2. In key categories like batteries, Alexa will suggest Amazon Basics, their private label, and play dumb about other choices (“Sorry, that’s all I found!”) when there are several other brands on amazon.com.

Retailers often leverage their power and custody of the consumer to swap out brands for their own private label. That’s nothing new. Only we’ve never seen any retailer this good at it. Google is Genghis to Alexa’s Khan in the war on brand, conspiring with 400M consumers, armed with infinite capital provided by fanatical investors, to starch the margin from brands and deliver it back to the consumer.

Death, for brands, has a name … Alexa.

Call Your Mom

Mother’s Day, a (very) brief history:

Ann Jarvis was a peace activist who cared for wounded soldiers on both sides of the American Civil War. Her daughter, Anna Jarvis, wanted to honor her mother by continuing the work she started and to set aside a day to honor all mothers because she believed that they were “the person who has done more for you than anyone in the world”.[1]

Sylvia

My mom, Sylvia Galloway, slept in the London tube as a little girl, as her house had been damaged by the Luftwaffe. At 13 she was pulled out of school to work for a tailor to help support her family. At 15 she lost her parents, and her two younger sisters were placed in an orphanage. At 19 she spent 15£ for a nine-day passage, on a steamship, to the New World. She was a secretary, which in sixties and seventies America could support an upper-lower-middle-class life. She raised me on her own. Note: not a sob story, we had a nice life.

— When I was eight, I’d get nosebleeds in the middle of the night. We’re talking blood-spraying-from-your-face type of bloody noses. This is one of the reasons I never tried cocaine, but that’s another post. My mom would hold a cold compress to my nose, and read math problems to calm me, until the blood coagulated, sometimes hours later.

— When I was 15 my mom, home from work, would honk her horn as she entered the garage below our apartment complex, signaling for me to come down and practice, on inclines in the massive garage, how to drive a stick shift.

— On my 16th birthday she drove up in a four-year-old BMW 320i and gave me the keys to her eight-year-old lime green Opel Manta. She put the keys in my hands, rested her hands (up) on my shoulders and said, “You’re a handsome young man [I wasn’t] who owns his own car.” I’ve bought, and been given, a lot of nice things.
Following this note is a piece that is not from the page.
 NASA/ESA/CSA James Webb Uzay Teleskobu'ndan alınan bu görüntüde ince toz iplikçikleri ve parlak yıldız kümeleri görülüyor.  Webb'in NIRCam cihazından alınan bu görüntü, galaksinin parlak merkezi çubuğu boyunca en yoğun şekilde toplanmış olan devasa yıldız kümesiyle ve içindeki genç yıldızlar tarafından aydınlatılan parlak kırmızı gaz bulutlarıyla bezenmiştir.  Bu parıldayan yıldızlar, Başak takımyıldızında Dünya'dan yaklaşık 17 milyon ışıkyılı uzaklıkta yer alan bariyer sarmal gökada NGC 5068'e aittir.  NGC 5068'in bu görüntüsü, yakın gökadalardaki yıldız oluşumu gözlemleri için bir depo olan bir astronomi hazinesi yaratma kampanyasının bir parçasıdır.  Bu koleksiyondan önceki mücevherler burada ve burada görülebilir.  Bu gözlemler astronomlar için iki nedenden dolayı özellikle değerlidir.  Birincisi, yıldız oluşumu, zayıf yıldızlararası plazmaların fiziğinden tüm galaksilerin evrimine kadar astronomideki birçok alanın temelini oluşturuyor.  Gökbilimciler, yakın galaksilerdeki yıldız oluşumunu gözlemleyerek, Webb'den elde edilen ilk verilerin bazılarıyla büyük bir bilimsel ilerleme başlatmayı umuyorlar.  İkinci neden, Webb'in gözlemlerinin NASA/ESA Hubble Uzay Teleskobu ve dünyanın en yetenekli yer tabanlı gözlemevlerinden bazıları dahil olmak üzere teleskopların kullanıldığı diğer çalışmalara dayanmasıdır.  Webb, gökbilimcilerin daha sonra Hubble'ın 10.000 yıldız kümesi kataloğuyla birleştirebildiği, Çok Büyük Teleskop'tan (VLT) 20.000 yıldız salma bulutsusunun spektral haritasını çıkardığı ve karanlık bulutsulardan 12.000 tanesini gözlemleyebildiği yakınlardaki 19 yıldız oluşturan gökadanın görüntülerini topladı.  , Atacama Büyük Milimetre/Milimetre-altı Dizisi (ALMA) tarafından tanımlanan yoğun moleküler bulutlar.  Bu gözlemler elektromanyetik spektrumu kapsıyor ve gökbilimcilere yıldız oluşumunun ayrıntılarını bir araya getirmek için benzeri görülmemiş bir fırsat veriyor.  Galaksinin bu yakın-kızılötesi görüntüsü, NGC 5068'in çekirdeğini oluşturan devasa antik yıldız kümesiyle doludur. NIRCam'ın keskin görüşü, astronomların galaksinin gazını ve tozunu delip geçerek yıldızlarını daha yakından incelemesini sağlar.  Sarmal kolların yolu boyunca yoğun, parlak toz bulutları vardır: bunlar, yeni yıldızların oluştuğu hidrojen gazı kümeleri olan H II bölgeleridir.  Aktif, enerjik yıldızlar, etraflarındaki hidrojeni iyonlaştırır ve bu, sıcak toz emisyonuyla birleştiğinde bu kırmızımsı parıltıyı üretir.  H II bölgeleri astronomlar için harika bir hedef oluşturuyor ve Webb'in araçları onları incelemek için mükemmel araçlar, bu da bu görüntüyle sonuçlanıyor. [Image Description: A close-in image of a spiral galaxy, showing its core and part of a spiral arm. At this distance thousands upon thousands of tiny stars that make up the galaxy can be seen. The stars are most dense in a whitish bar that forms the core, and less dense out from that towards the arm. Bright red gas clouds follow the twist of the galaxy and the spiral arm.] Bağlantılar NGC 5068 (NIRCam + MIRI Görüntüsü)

This stands alone as the most joyous moment I’ve registered from an inanimate object.

— When I was 22 I agreed to meet my mom in the driveway of my UCLA fraternity. She was dropping off a term paper she had typed. I slept through the rendezvous. Circling the block for 30 minutes, late for work, she double parked, came into the house, began screaming my name, and when I arrived downstairs, in front of a dozen “brothers,” she punched me in the ear.

— At 39, I was going through my mom’s last will and testament. She had affixed Post-its, with handwritten notes, all over the document. Two stood out: “You have always been a huge source of pride for me” and “Be a good citizen.”
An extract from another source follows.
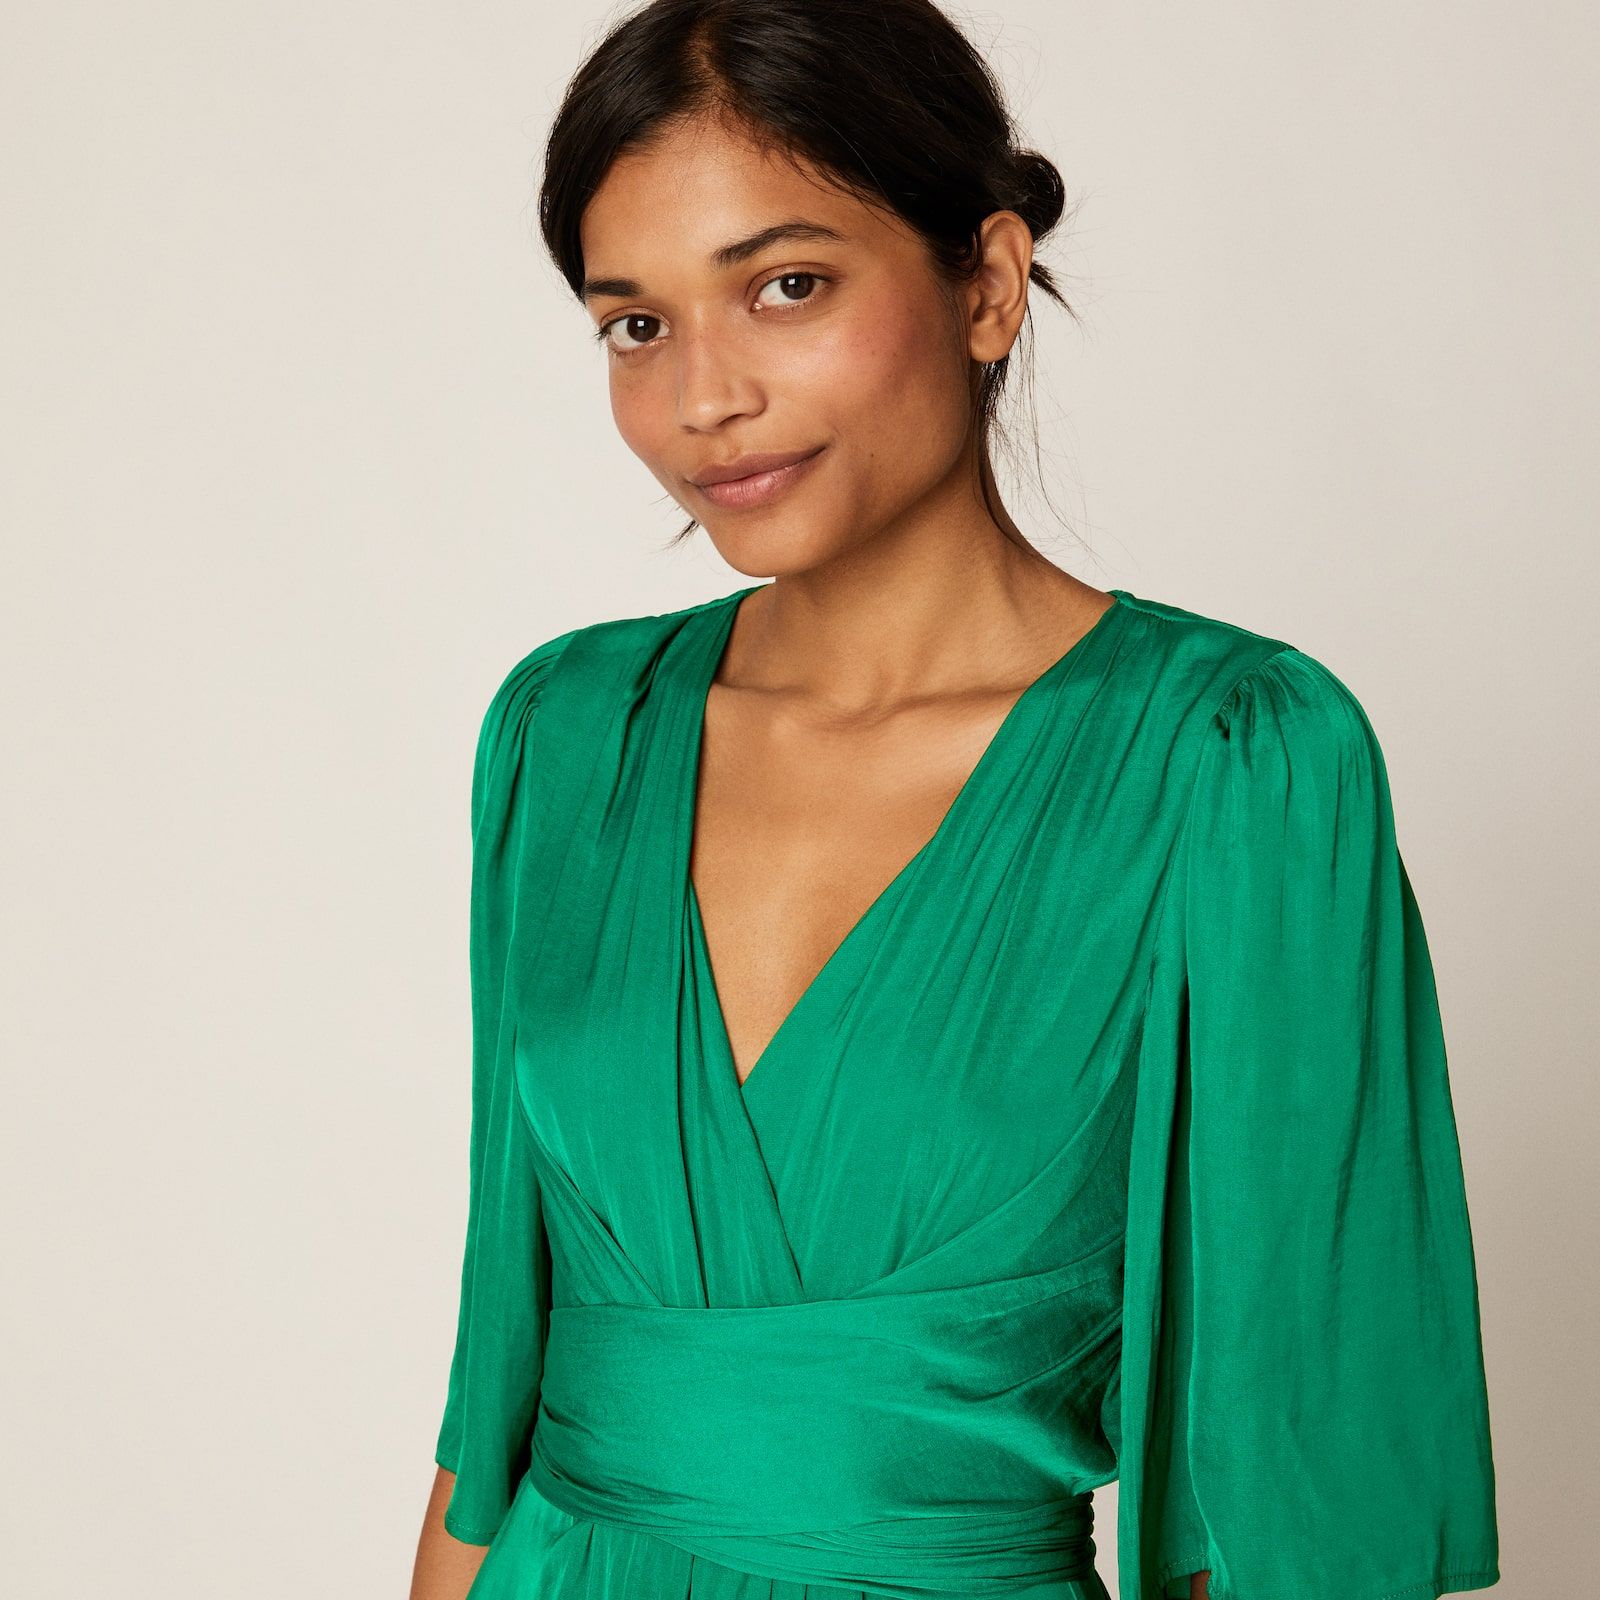 Oysho reedita su vestido verde de su tienda online

My mom smoked for three decades and was on the pill in the sixties and seventies, a recipe for breast cancer, which struck when she was 56. Twelve years and two recurrences later, the cancer metastasized in her stomach, and she died six months later. One of my greatest disappointments is she never got to meet my boys. Some of that sadness abates watching my boys with their mother who, among a million other things, calms our oldest boy when he, too, now gets bloody noses.

Our youngest son’s name is Nolan Sylvia Galloway, and he has my mom’s laugh. She would have liked that.

Life is so rich,
Scott


1 Engaging Families 2015 Special Editions — Mother’s Day.